Geography that built the toolkit
Moffatt’s foundation runs through Ontario club culture and Canada’s national system. Early repetitions at Caledon Ski Club, a private club north-west of Toronto with dedicated terrain-park programming, gave him a high-volume environment for fundamentals. From there, time spent in European park strongholds—LAAX and Seiser Alm—helped refine his rail repertoire on long, feature-rich courses with judges who reward technical nuance. In North America, recurring laps at Buttermilk exposed him to the pressure cooker of X Games finals and top-tier build quality that lets athletes attempt the kind of switch-on, high-spin rail tricks he’s known for. That mix—Ontario repetition, Swiss precision, Italian flow, and Colorado contest polish—shows through in how he links rails and how confidently he manages speed on the final jump.
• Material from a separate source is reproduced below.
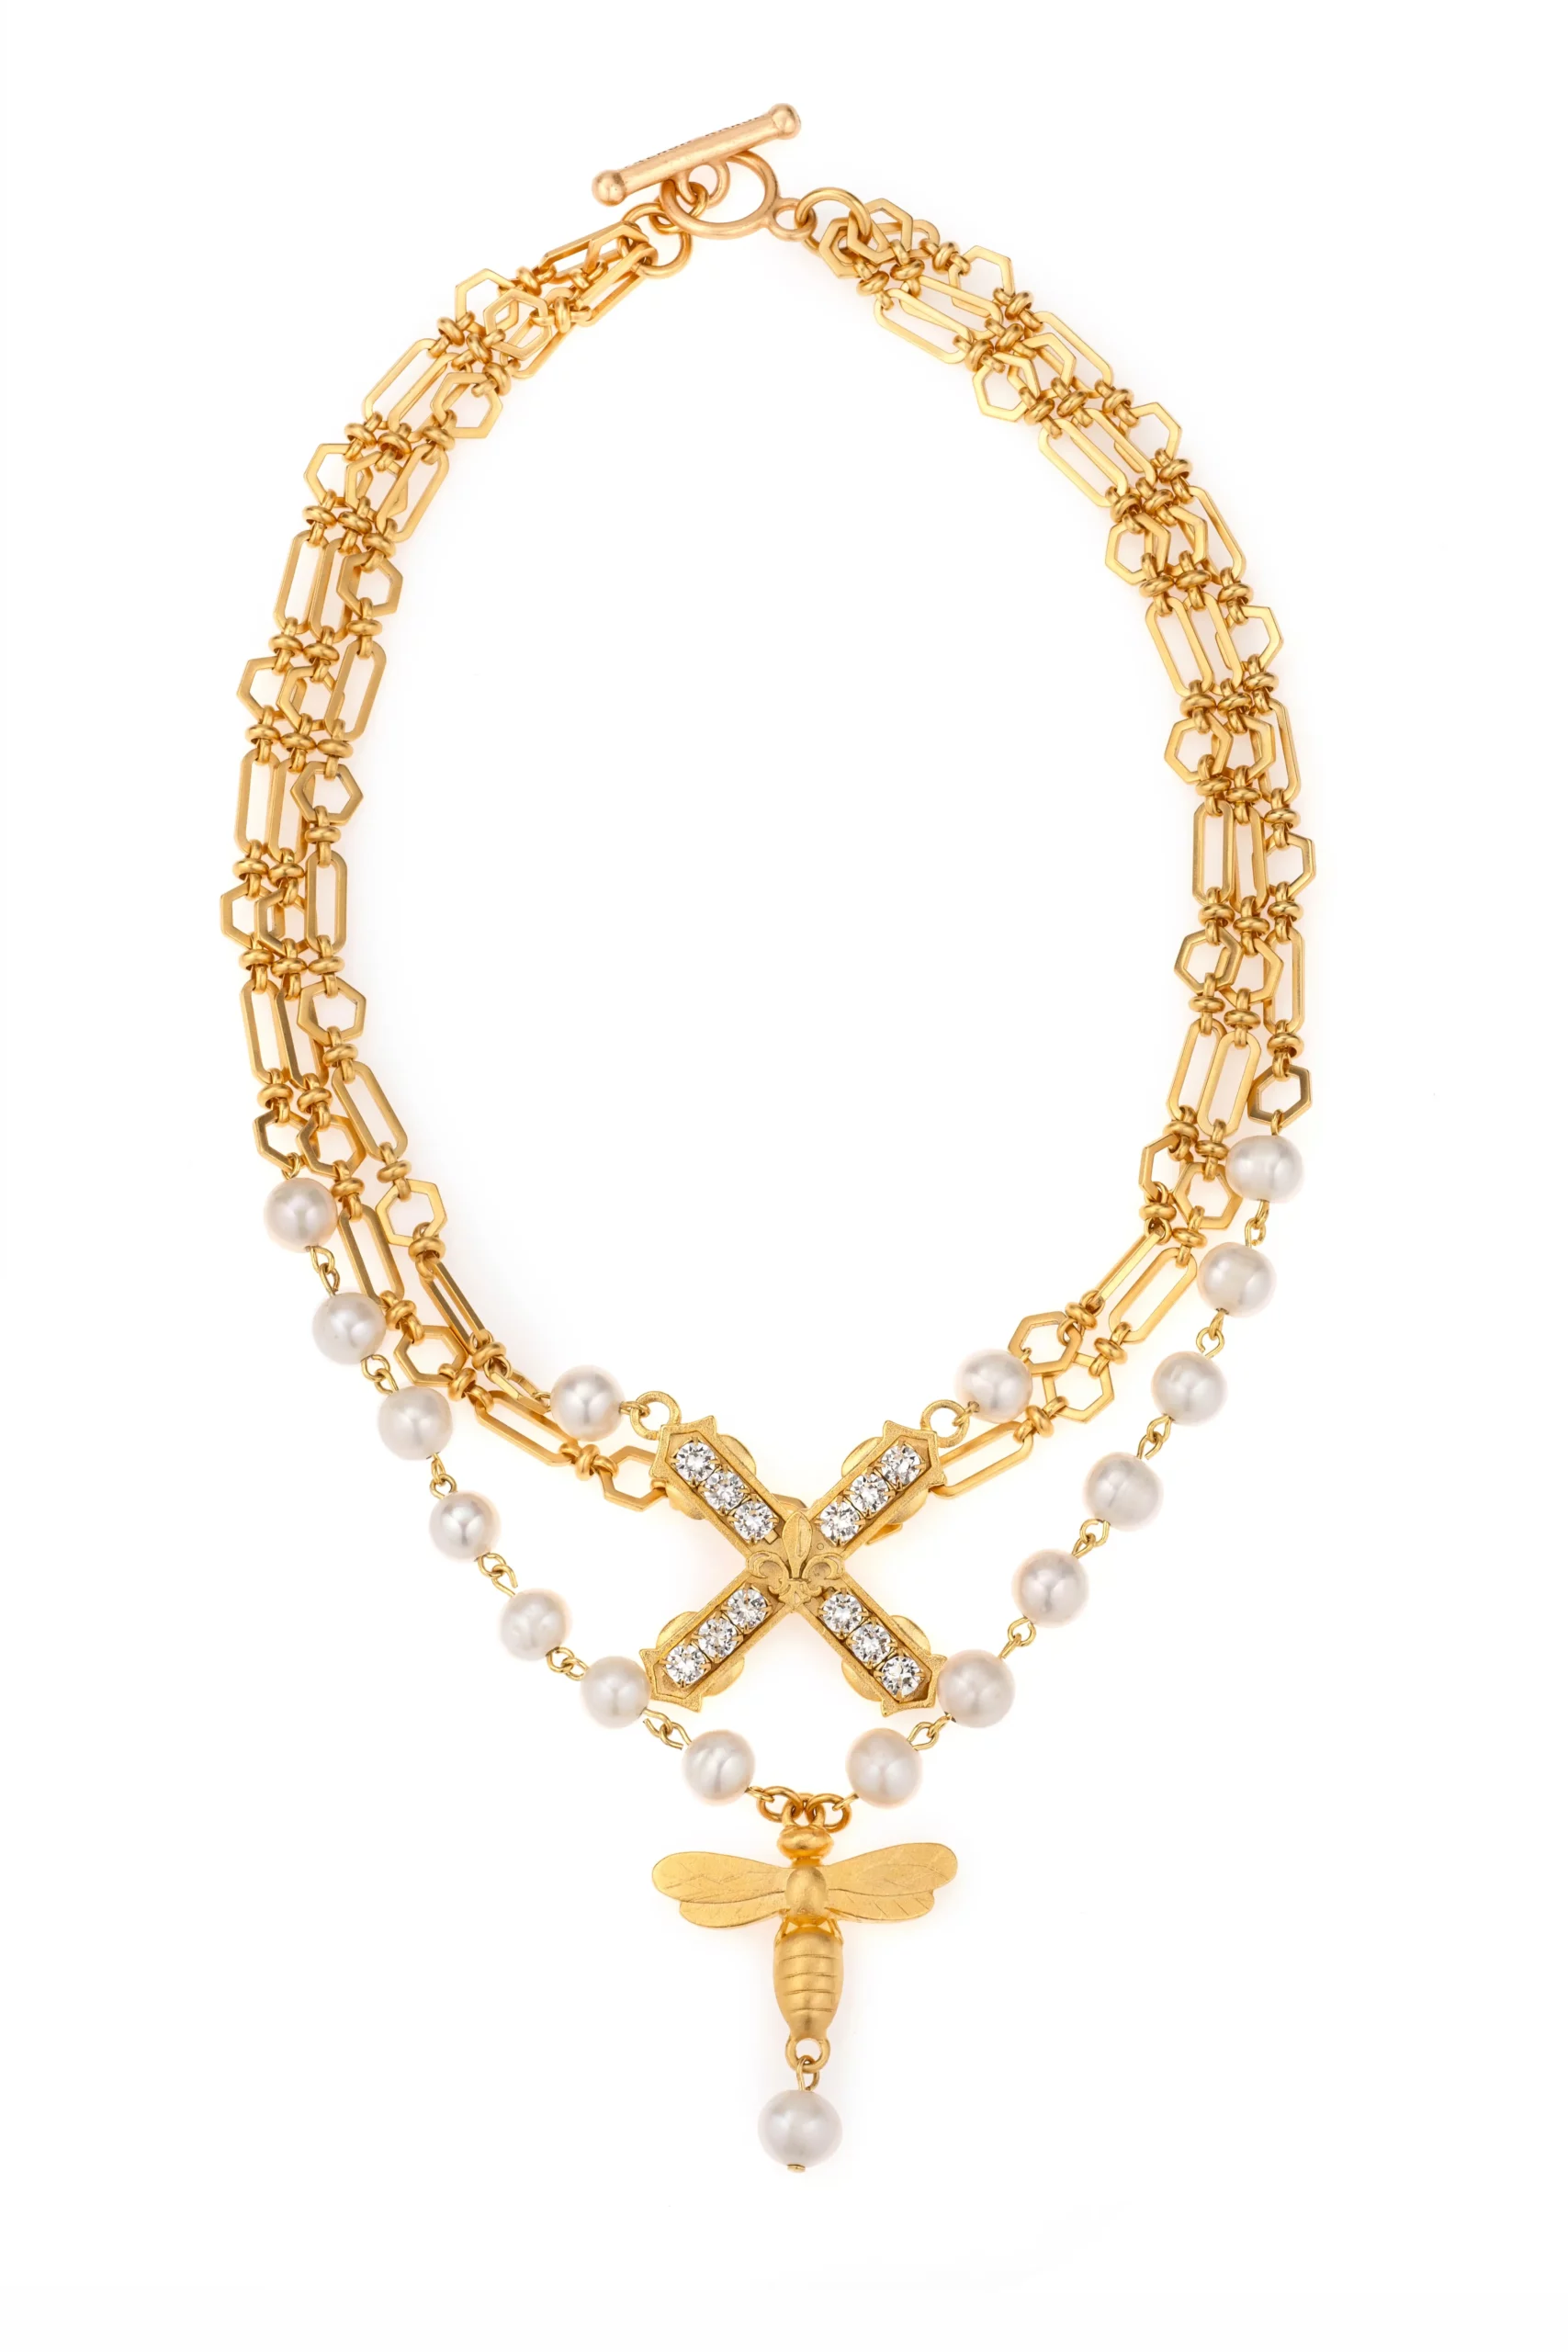 French Kande The Citron freshwater pearls necklace

Equipment and partners: practical takeaways
Moffatt skis on Liberty Skis, a brand whose freestyle shapes prioritize lightweight swing weight and dampening that pays off on both rails and jump sets. For viewers trying to translate sponsor talk into on-snow feel, Liberty’s park-oriented models emphasize edge hold for takeoffs and stable landings without dulling the ski’s willingness to pivot on rails. His eyewear partner, XSPEX, is a Canadian brand whose goggles and sunglasses target clarity and quick lens swapping, useful when light changes between practice, qualis, and finals. The broader lesson isn’t about copying his exact setup; it’s about matching your equipment to venue realities. If your local hill is rail-heavy with short run-ins, weight and swing dynamics matter more than big-mountain stability. If you’re chasing jump progression, prioritize predictable pop and platform on landings—the attributes that help Moffatt keep grabs locked while maintaining speed for the next feature.
Why fans and progressing skiers care
Max Moffatt matters because he embodies the direction modern slopestyle is heading: dense rail difficulty, both-way spin literacy, and runs built to score in any weather window. His X Games Aspen silver and World Cup podiums show the competitive ceiling; his steady finals presence shows the floor. For fans, he’s an easy watch—smooth style, clean landings, and a knack for making complex rail sequences look inevitable. For skiers learning to evaluate or emulate elite slopestyle, he demonstrates that you don’t have to send the absolute biggest spin to build a winning score if your rails are impeccably difficult and your variety is complete. Track him at LAAX, Seiser Alm, and Buttermilk, and keep an eye on Olympic-cycle events after Beijing 2022; his profile suggests more podium-capable seasons ahead, particularly on courses that reward technical precision from the first kink to the final booter.